本発明において、発酵させる発酵前溶液は次の通りである。
(1)α−アミノ態窒素含量が酵母の発酵に十分と思われる約120mg/lとなるよう、既測定値から、小麦グルテン2.9g+大豆タンパク2.4g、大豆タンパク4.8gとタンパク分解酵素(サンプル量に対し2重量%)を45℃・200mlのお湯に加え3時間攪拌する。その後90℃・10分オートクレーブ処理して酵素を失活させ、20℃まで氷冷した後、ろ紙ろ過した液。
(2)液糖。
発酵手順は次の通りである。
〔1〕上記(1)・(2)を混合し、これにホップを添加して煮沸する。
〔2〕ろ過などにより、固形物を除く。
〔3〕ろ液を冷却する。
〔4〕ビール酵母を添加する。
〔5〕5℃〜14℃で発酵させる。
発酵前溶液については糖度・pH・全窒素含量とα−アミノ態窒素含量を、発酵液についてはpH・全窒素含量と消費量・α−アミノ態窒素含量と消費量を分析し、その結果を表7に示した。
(1)大豆タンパクは糖の切れが良く、良好な発酵で、発酵液に異臭は感じられず、発酵液はスッキリした味わいとなった。しかし、香味は平板でややボディ感が不足する。
(2)小麦グルテンと大豆タンパクを混合して分解したものは、酵母による窒素及びα−アミノ態窒素の消費量が多く、問題ないレベルで発酵した。また、発酵液はボディ感があり、醸造酒らしいものとなった。
(3)上記のことから以下のように考察される:すなわち、小麦グルテンと大豆タンパクを混合したものは、発酵に問題はなく、分析値及び香味の良好な発酵液製造が可能である。
規模を大きくした場合の香味評価とより詳細な分析を行うため、「小麦グルテン50重量%+大豆タンパク50重量%」「大豆タンパク100重量%」を窒素源として2系列・2klのプラントで試験醸造した。
(1)糖化釜に湯を張り、1系列には小麦グルテン5kg+大豆タンパク5kgを、もう1系列には大豆タンパク10kgを投入する。
(2)それぞれの糖化釜にタンパク分解酵素を240g(上記原料の2.4重量%)投入し、180分攪拌する。
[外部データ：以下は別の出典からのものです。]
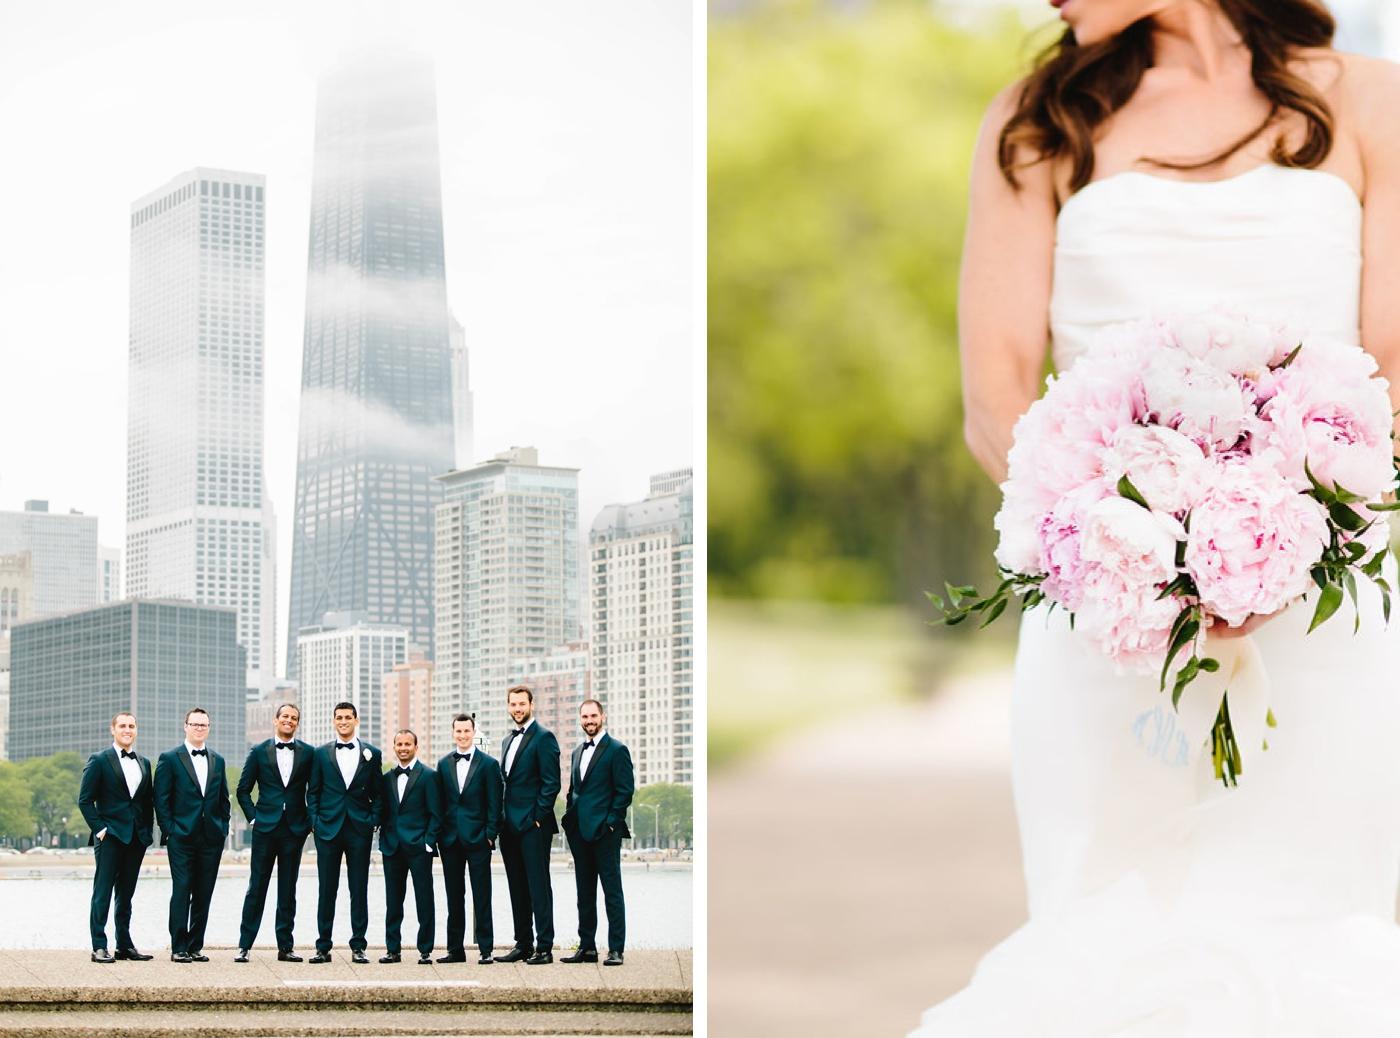 chicago-fine-art-wedding-photography-sakamuri33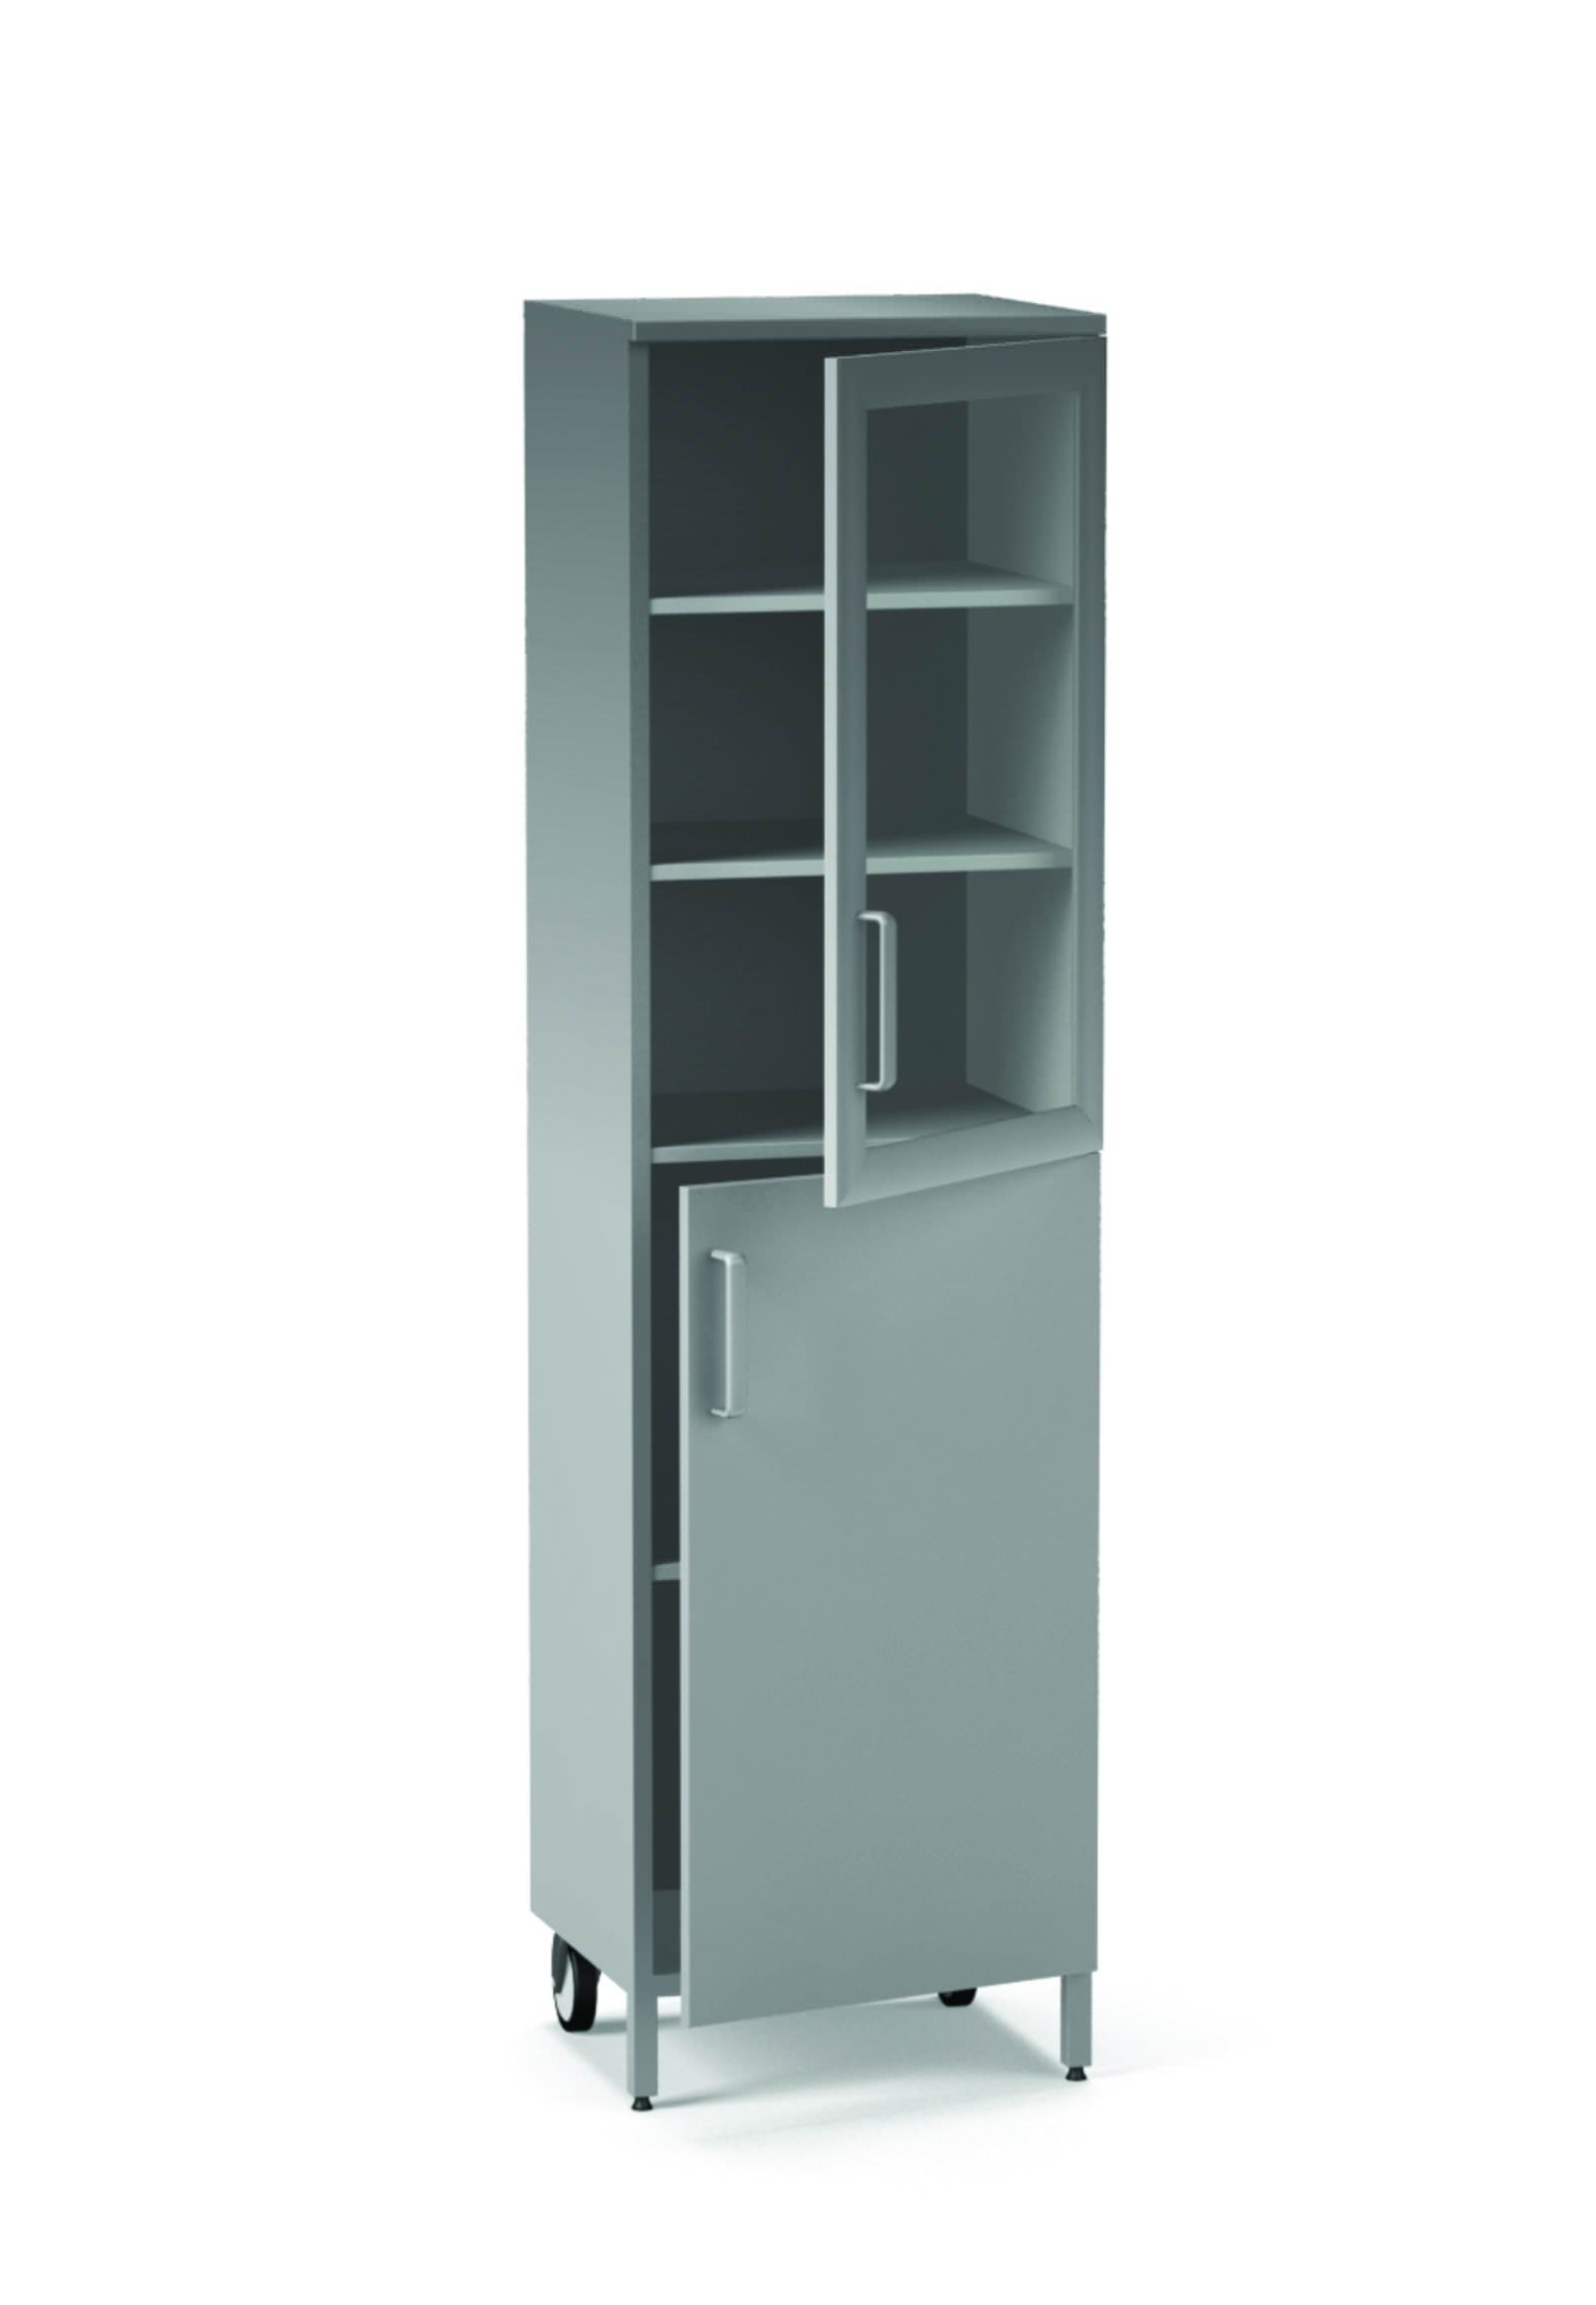 Шкаф медицинский ДМ-6-001-03

タンパク分解酵素は、プロテアーゼPアマノG(天野エンザイム社製)を用いた。
(3)麦汁煮沸釜に78℃の湯を張り、上記(2)を移し、それぞれの系に液糖380kgを溶解する。
(4)色付けのため、カラメル麦芽を小麦グルテン+大豆タンパクの試験区に9kg、大豆タンパクの区に8kg加える。
(5)ホップのα酸は各々34mg/l、28mg/lとなるよう添加した。
(6)ろ過などにより固形物を除き、ろ液を冷却する
(7)0.85重量%となるよう酵母を添加する
(8)5℃〜14℃で発酵させる
グループA(又はグループI):発酵が始まって直ぐに使用されるアミノ酸[アスパラギン、アスパラギン酸、アルギニン、グルタミン、グルタミン酸、スレオニン、セリン、リジン]。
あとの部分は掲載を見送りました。